I hollow grind a lot of my stuff just for the time factor. PLane blades and best chisels I prefer flat,maybe it's only aesthetics I don't know, they all get sharp in the end. I have so many edge tools that keeping them in tip top condition could be a full time job just in itself.
Tormek
Hi Barney 59, I think you are right about it putting some curvature into a flat chisel because the edges of the chisel have a larger radius of curvature than the center of the chisel, so they would be traveling the greatest arc and thus get the most metal removed. However with a large radius of curvature the effect diminishes.
-Newtonamic
My simple jig is 2 part. First a flat fairly wide block for each stone height that is a bit longer than the longest stone. Second a block with an angle on it that is the same length as the flat block. Lay the flat block next to the stone, put the angle block on top of it. And run the chisel, or plane blade along the angled block where the bevel contacts the stone. You can move the angle block around to use more of the stone.
If you sharpen on sandpaper, you don't even need the flat blocks.
Bob
The chisels do a circular motion but that doesn't mean they get sharpened to convex shape. If you hjold them flat against the stone at all times they will be as flat as the surface of teh stone allows (notice the two small chisels sharpened at once). The stick just helps keep correct angle.

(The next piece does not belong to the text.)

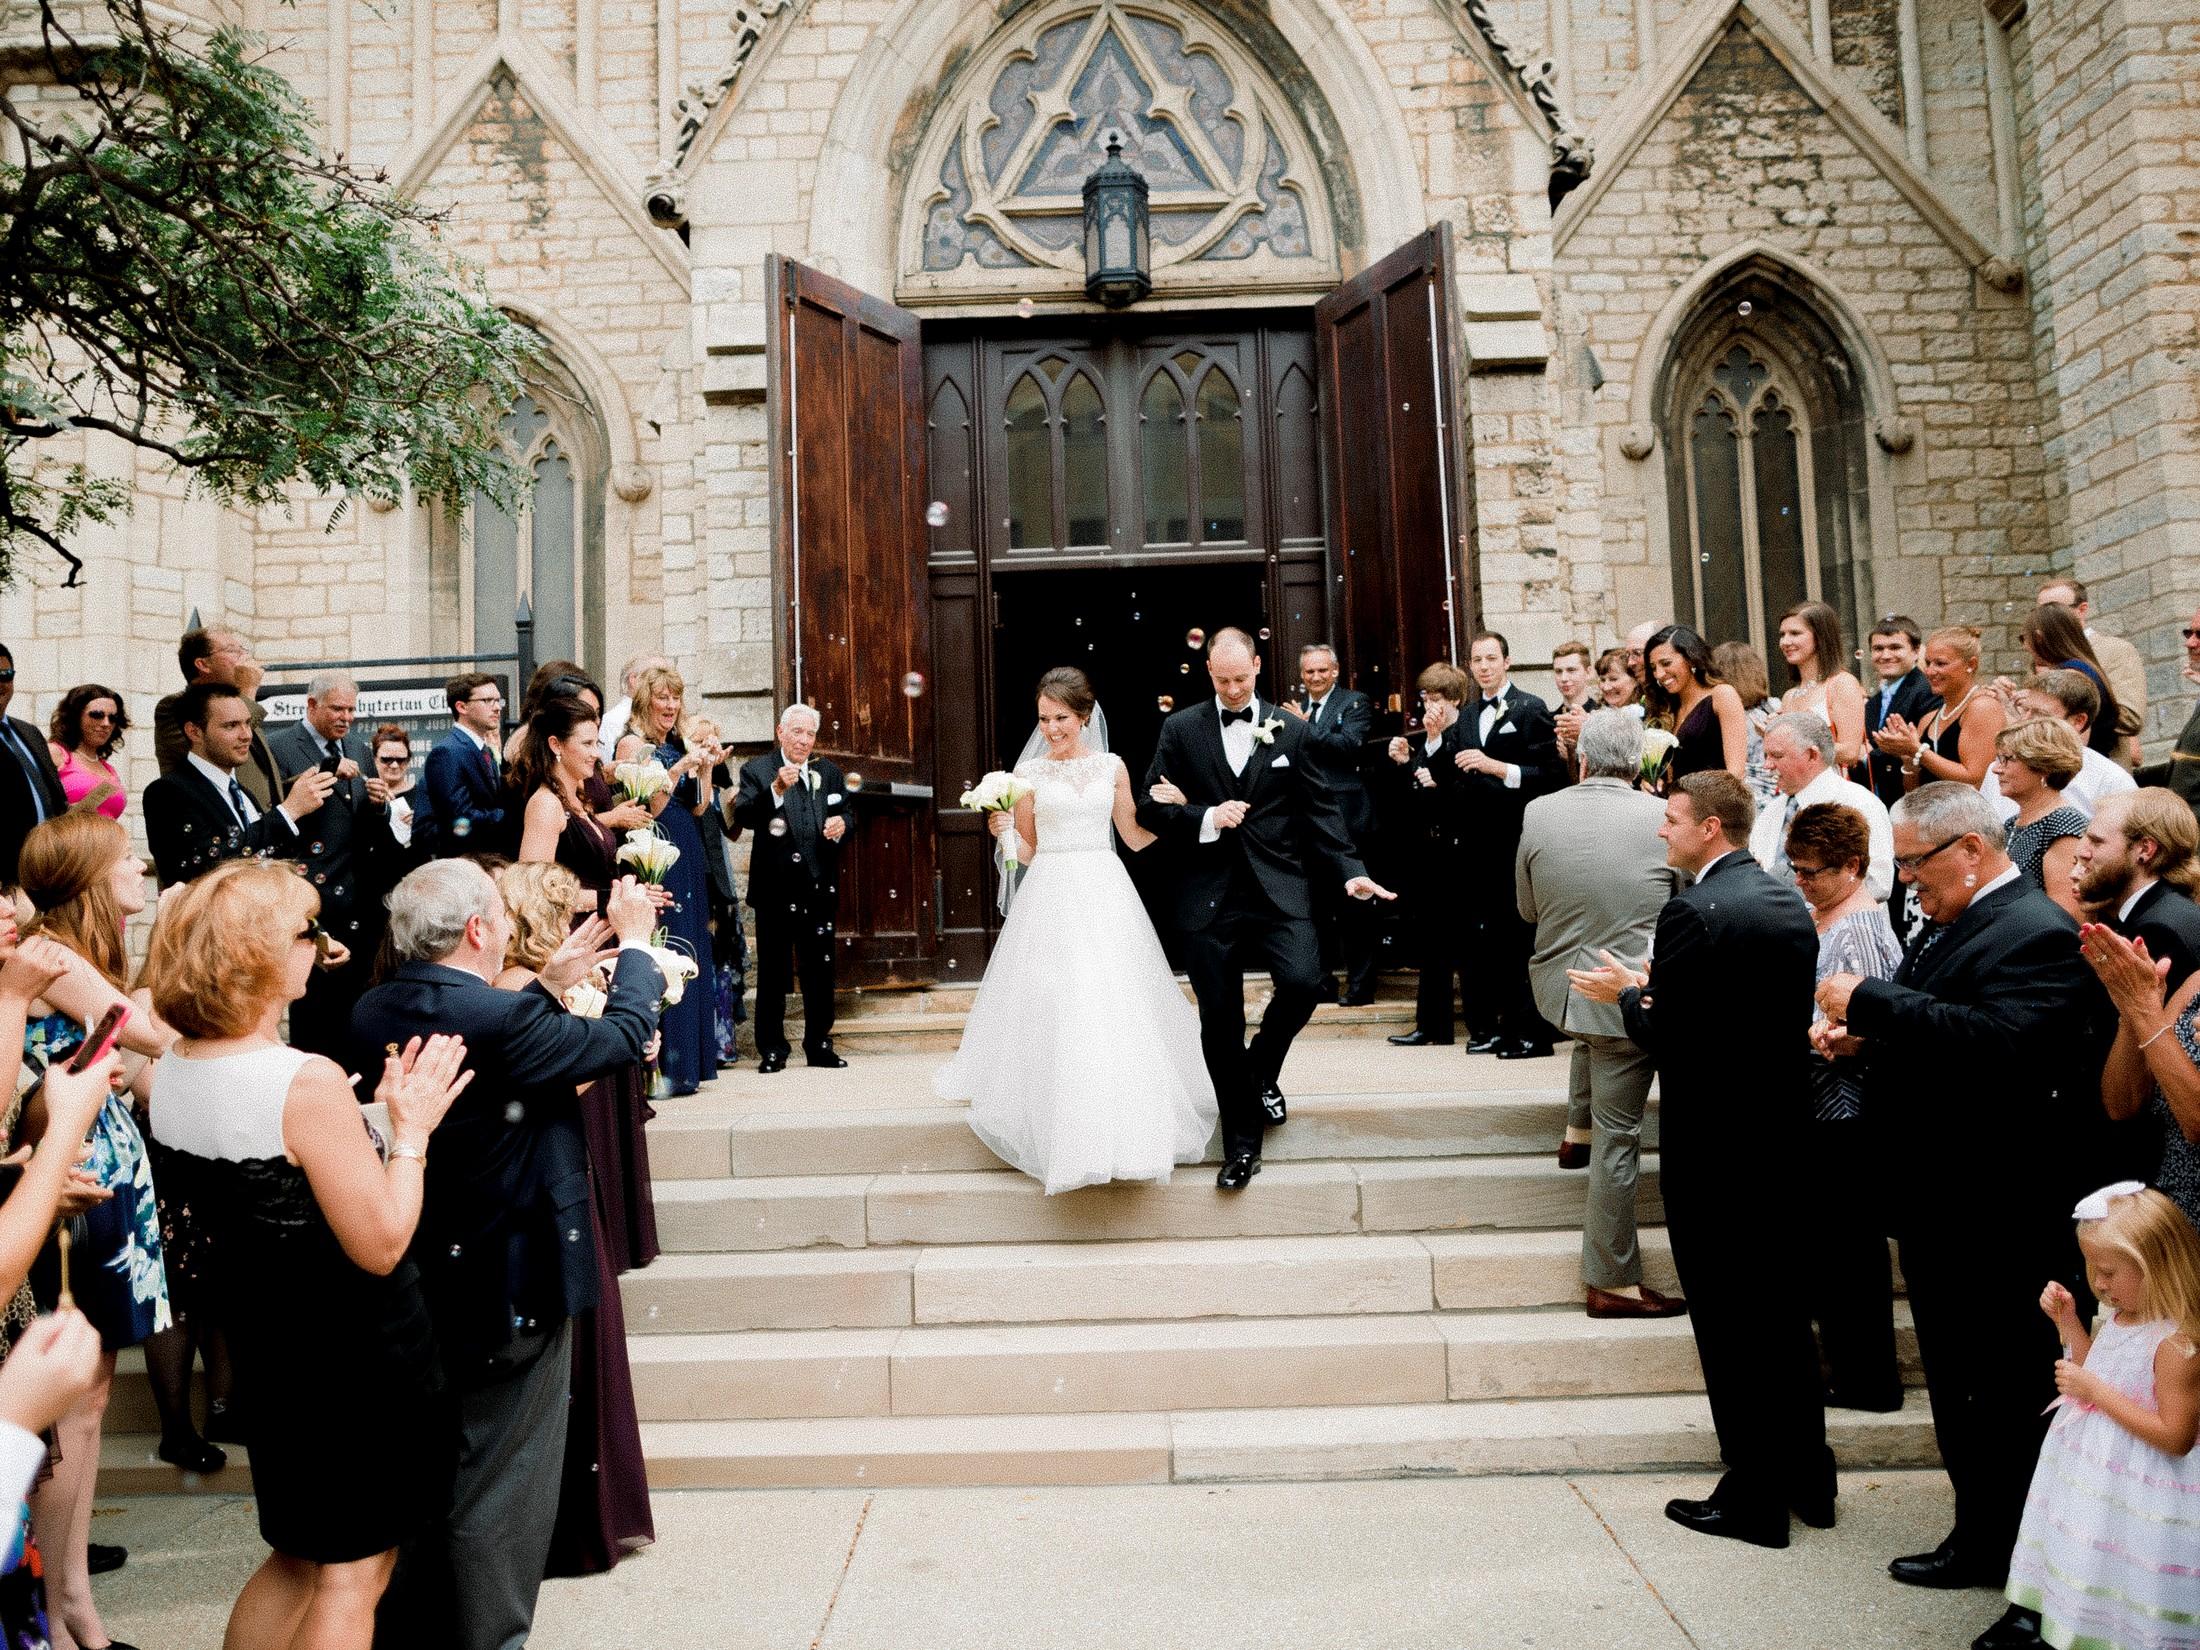 detroit_wedding_blaine_siesser_0029_std.jpg

I don't like this setup as it wears the stone unevenly and soon you'll have to flatten the stone again.
Hollow gring has one big advantage that you are not sharpening the whole surface at once but just the bevel at the very edge. If you have good hollow you can touch up slightly blunt edge by few strokes on fine stone or 1200/2000 grit paper.
Adrian
It doesn't! I thought that at first. It hones flat. When I first found this video on a forum there was about two pages of folk arguing about wether it grinds flat or curved.
It grinds flat. Promise.
nigel
www.theluthierblog.com
It only wears unevenly if you don't move the stone which you can as often as you like without disturbing the angle. In general hollow grinding Japanese blades isn't done, and that's what I use.
n
www.theluthierblog.com
As a follow up to the original post, here is my variation on the design:
http://www.theluthierblog.com/articl...the-world-pt2/
nigel
I made one up this morning, works great but I am getting a round profile!
It shows up more on large blades, I wonder about a few things that might avoid this happening ....
Maybe a longer arm and a loose fit on the pole would give more control at the sharpening end?
That idea might seem the wrong way to go but I think I have to close a fit on the pole, I will try a few mods tomorrow....
Mmm, not sure how you're managing that, can you post a picture of your set up? I've had no issues at all.
It could be possible to introduce rocking especially if the "eye" over the pole is too tight. Mine is really loose. Works a treat.